Matthew felt a sudden wave of despair sweep through his weakened body.
Hope
had been intended to escape all of the curses that had brought Earth to the brink of destruction, not to reproduce them with further savage twists. What hope could there possibly be for the future of humankind, if
Hope
itself were now embroiled by an orgy of internal strife that could very easily lead to the mutual destruction of all involved?

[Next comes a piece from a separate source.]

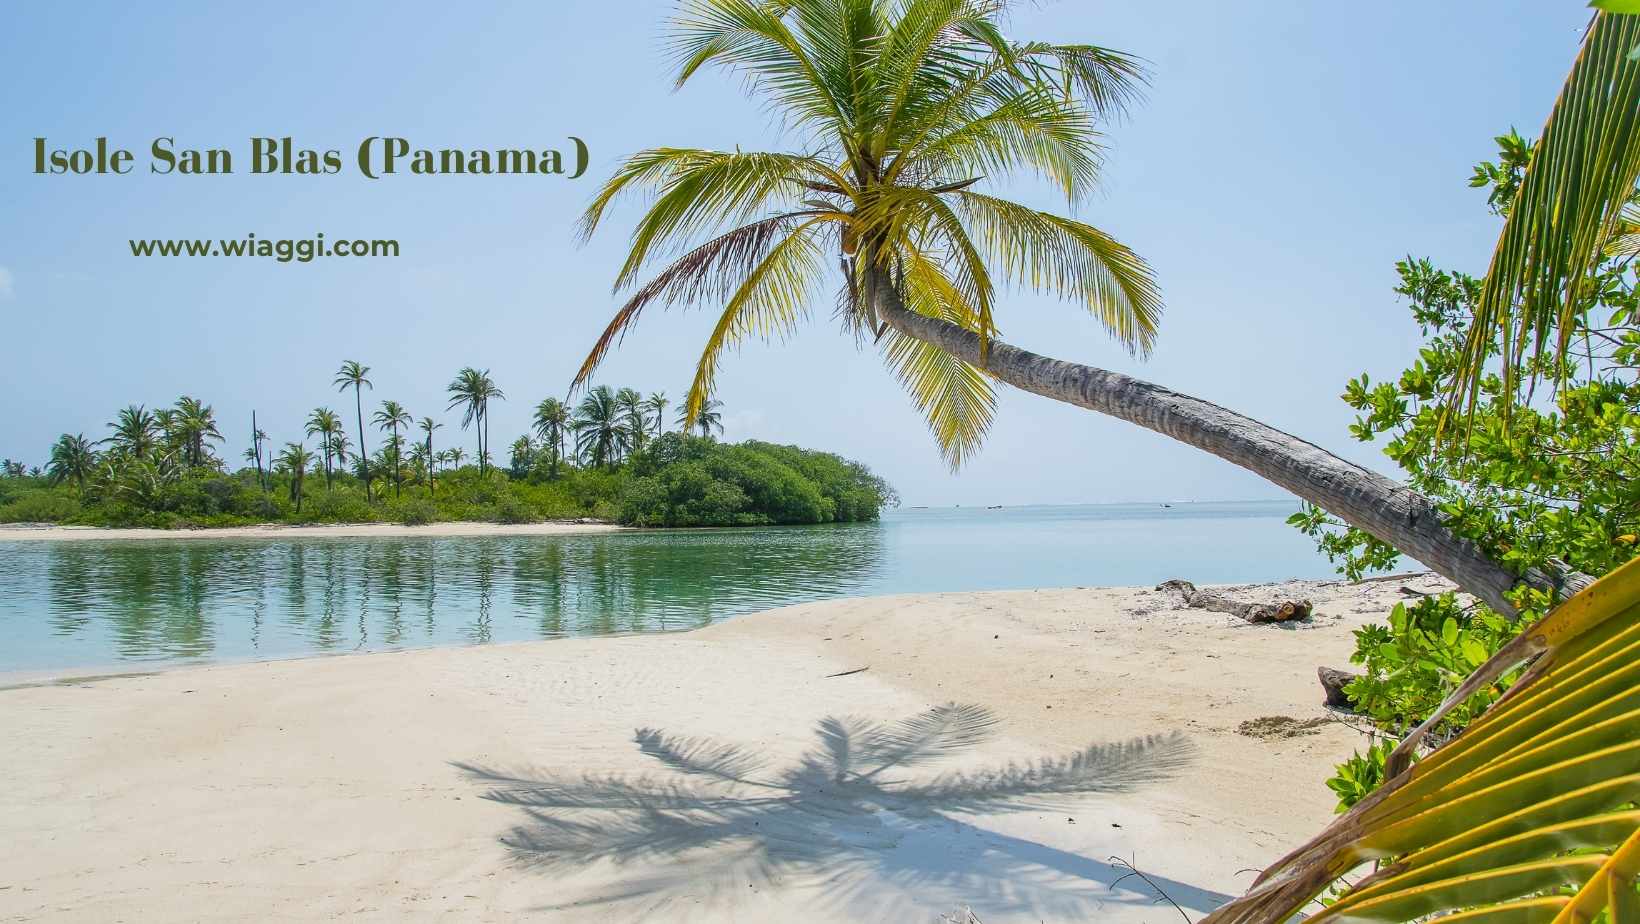 Isole San Blas (Panama)

Even Gaea had proved so fragile as to have avoided destruction by a fluke; the ecosphere-in-miniature that was her pale shadow here could not tolerate a similar strain.
Vince Solari must have been mulling over the same awkward possibilities and dire anxieties, but his approach was as practical as ever. “So who, exactly, am I supposed to be working for now?” the policeman demanded. “You?” His voice was not disdainful, but it was certainly skeptical.
“For the human race,” Captain Milyukov told him, without a trace of irony. “For the truth. For justice. For all the future generations whose fate will depend on what
we
can accomplish in the years to come.”
“In other words, for
you
,” Solari repeated, making no attempt to keep his own voice free of sarcasm.